Between the 7th and 13th centuries CE, the region that is now Croatia became a crossroads of mobility, cultural reorganization and evolving identities. Archaeological data from three sampled localities—Glina (Sisak‑Moslavina County, Grad Glina), Gornji‑Kosinj‑Sveta‑Ana (Lika‑Senj County, Općina Perušić) and Cepinski‑Martinci (Osijek‑Baranja County, Općina Čepin)—capture snapshots of communities living in a landscape shaped by migrations, trade routes and shifting political horizons.
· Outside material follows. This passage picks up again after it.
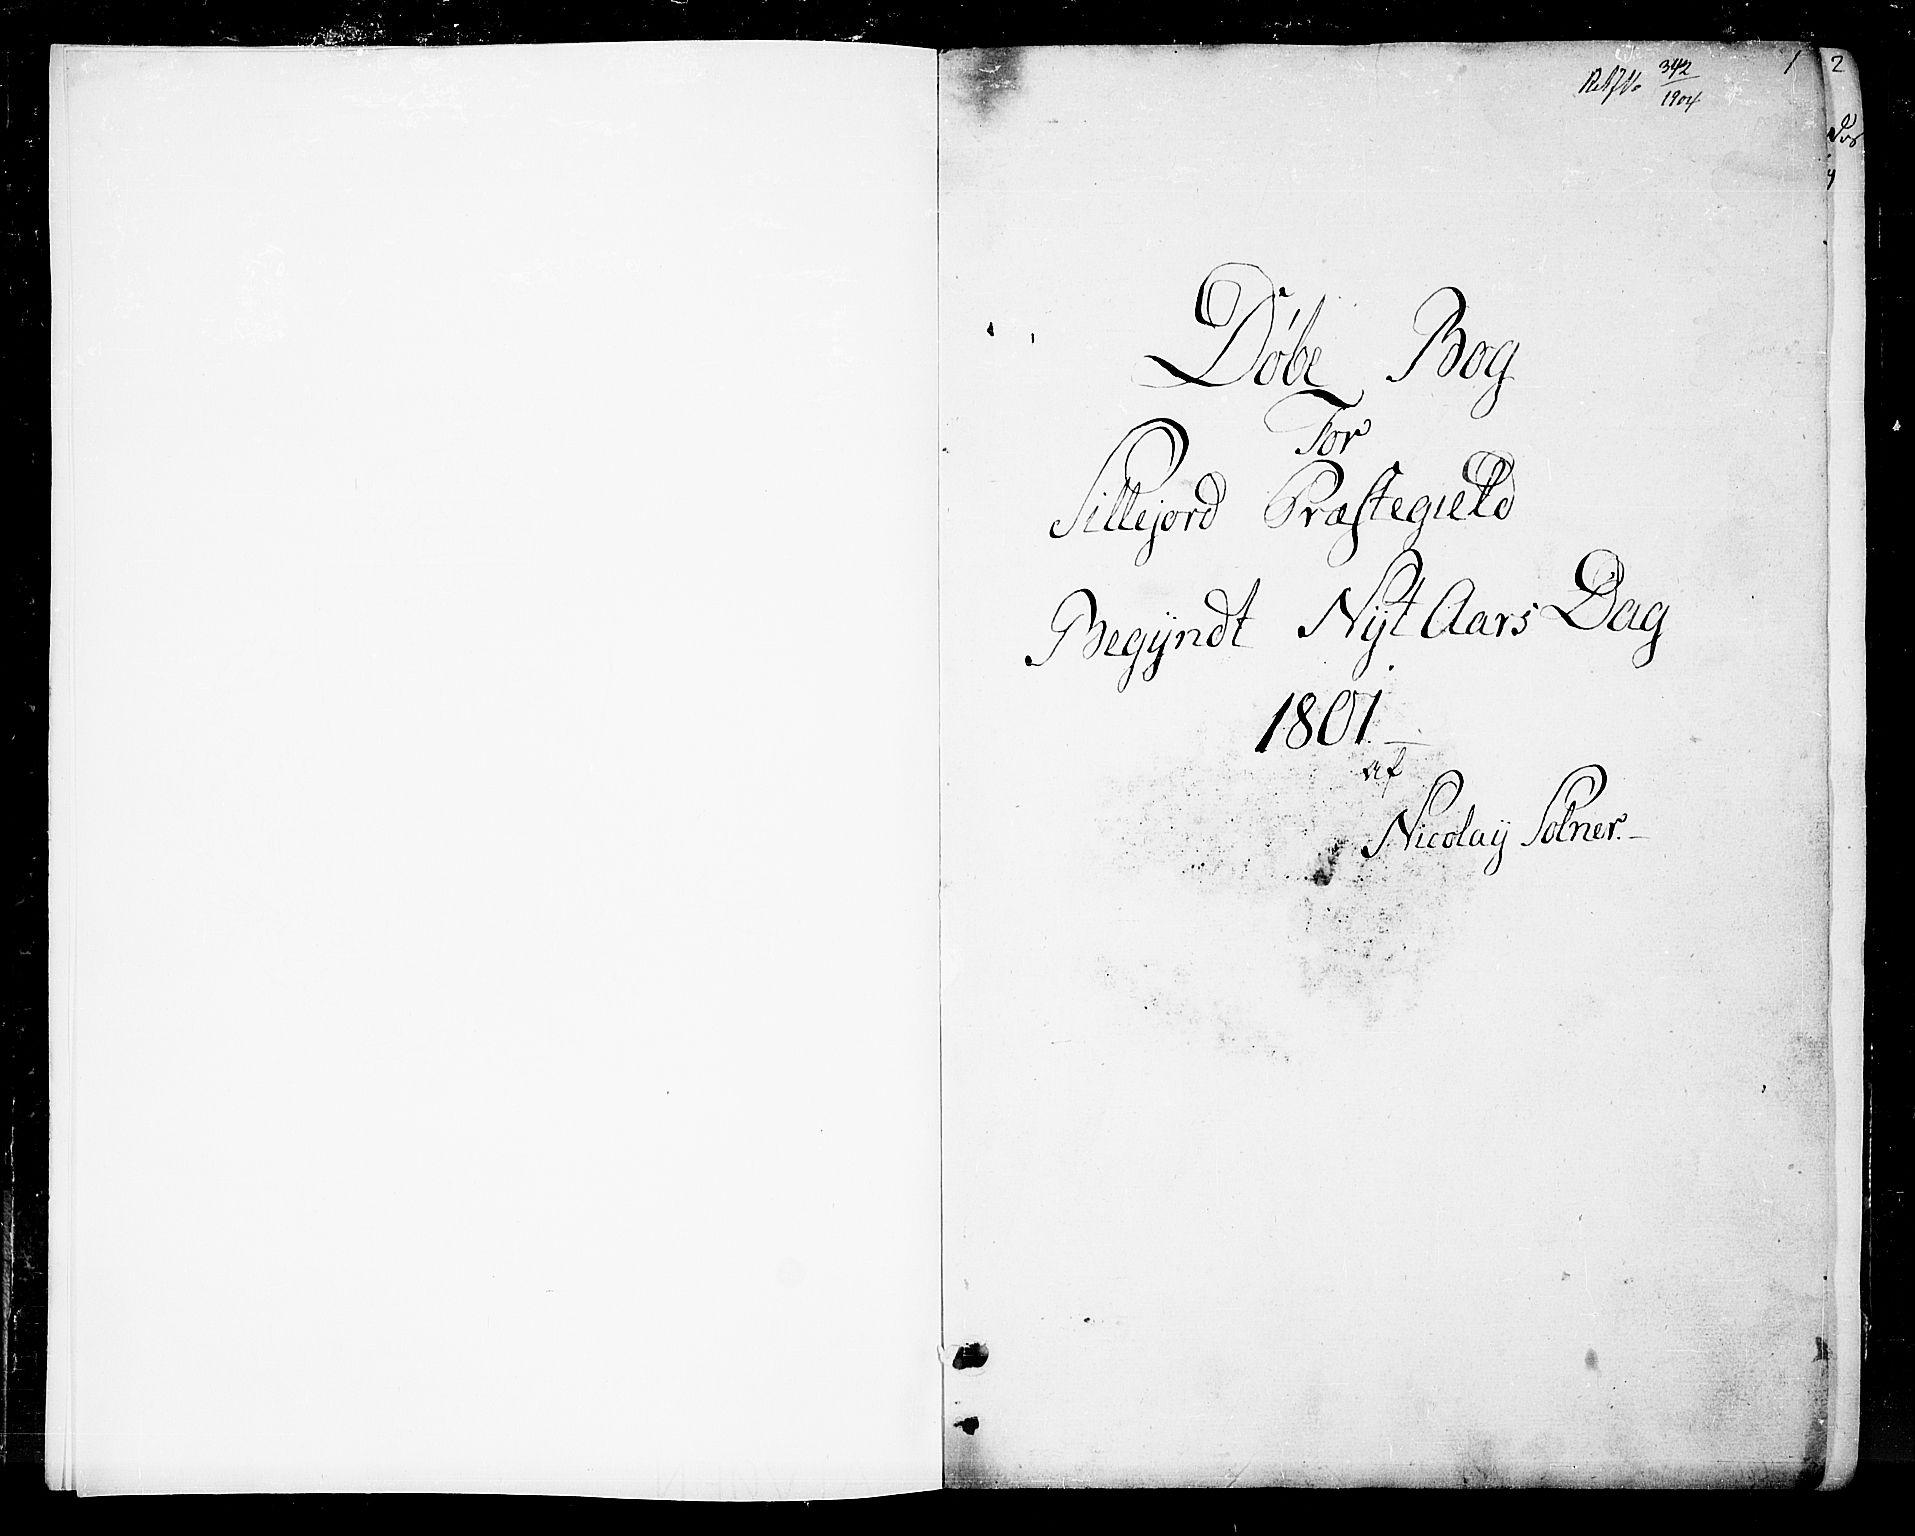 SAKO, Seljord kirkebøker, F/Fa/L0009: Ministerialbok nr. I 9, 1801-1814, s. 1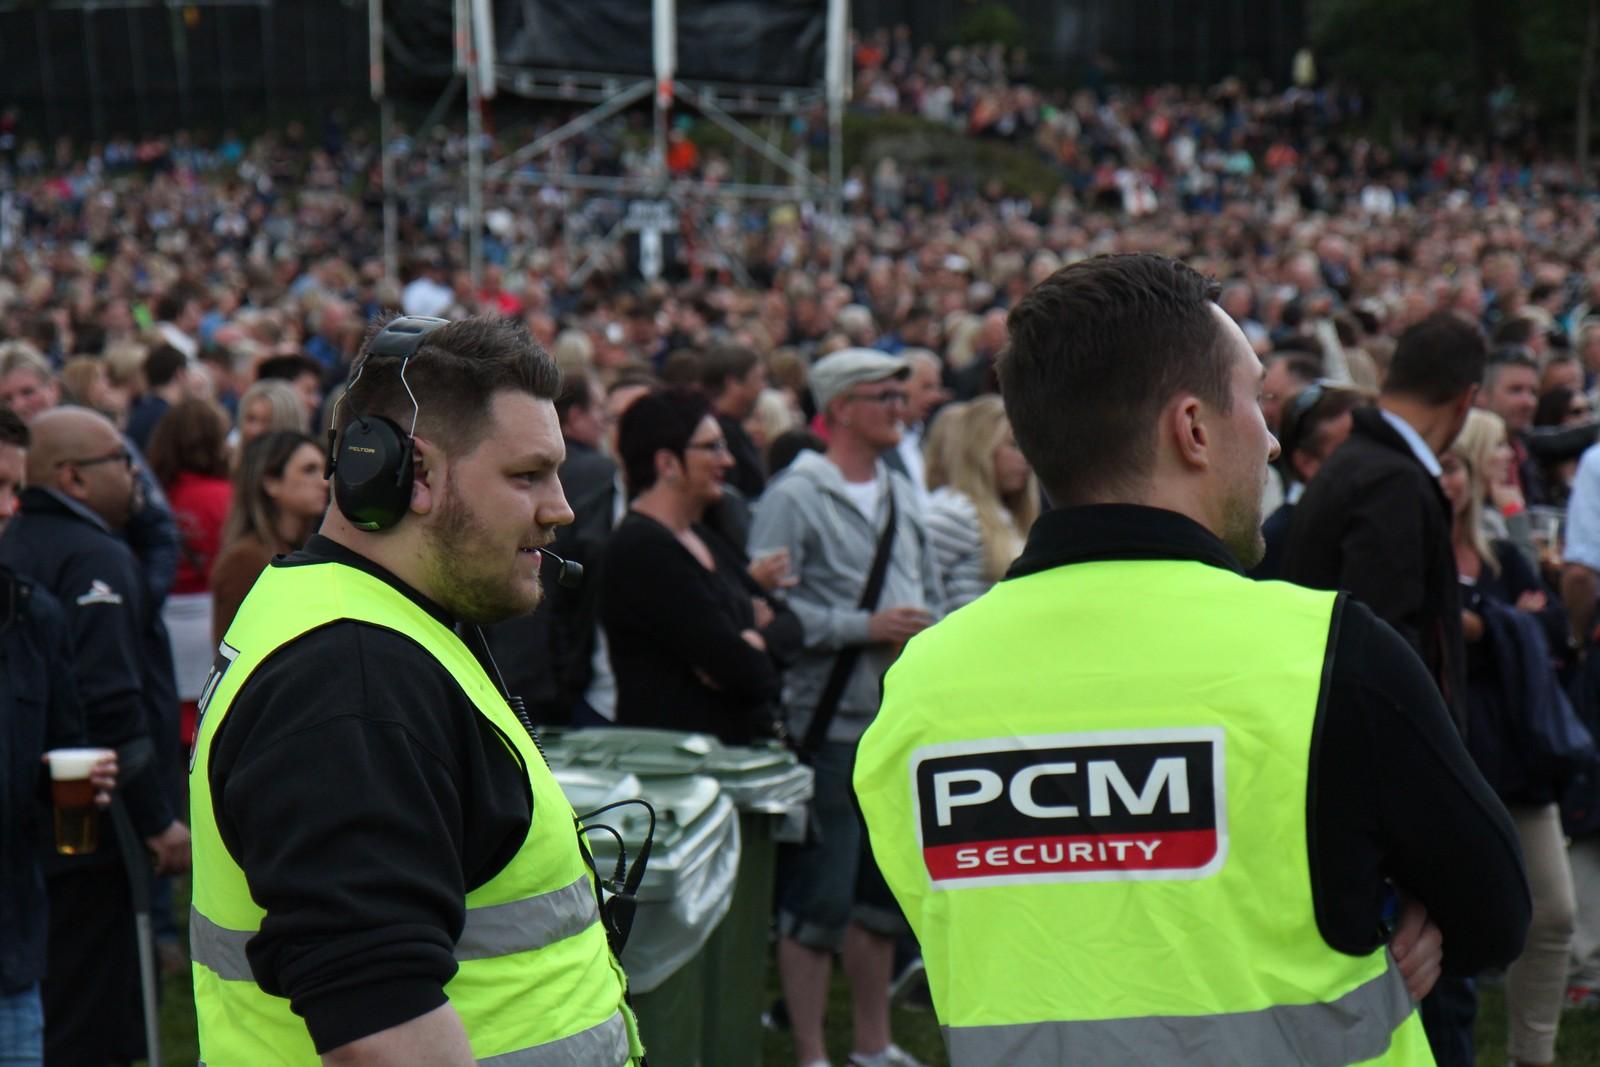 Det var mykje vakthald på konserten.

Material traces in the Early Medieval period include settlement traces, burial assemblages and artifacts that signal interaction between local traditions and wider Adriatic‑Danubian networks. Limited evidence suggests these populations integrated elements from incoming Slavic groups, Byzantine contacts, and longstanding local practices. Radiocarbon and typological dating place the sampled individuals between ca. 650 CE and 1250 CE, a span that encompasses early post-Roman transformations and the consolidation of regional polities.
Genetically, the samples hint at layered ancestry rather than a single origin: composite signals consistent with longstanding European lineages together with inputs that are more common to southern or eastern Mediterranean populations. Because the dataset includes only nine individuals, these impressions remain provisional and should be read as initial glimpses into a complex formative era.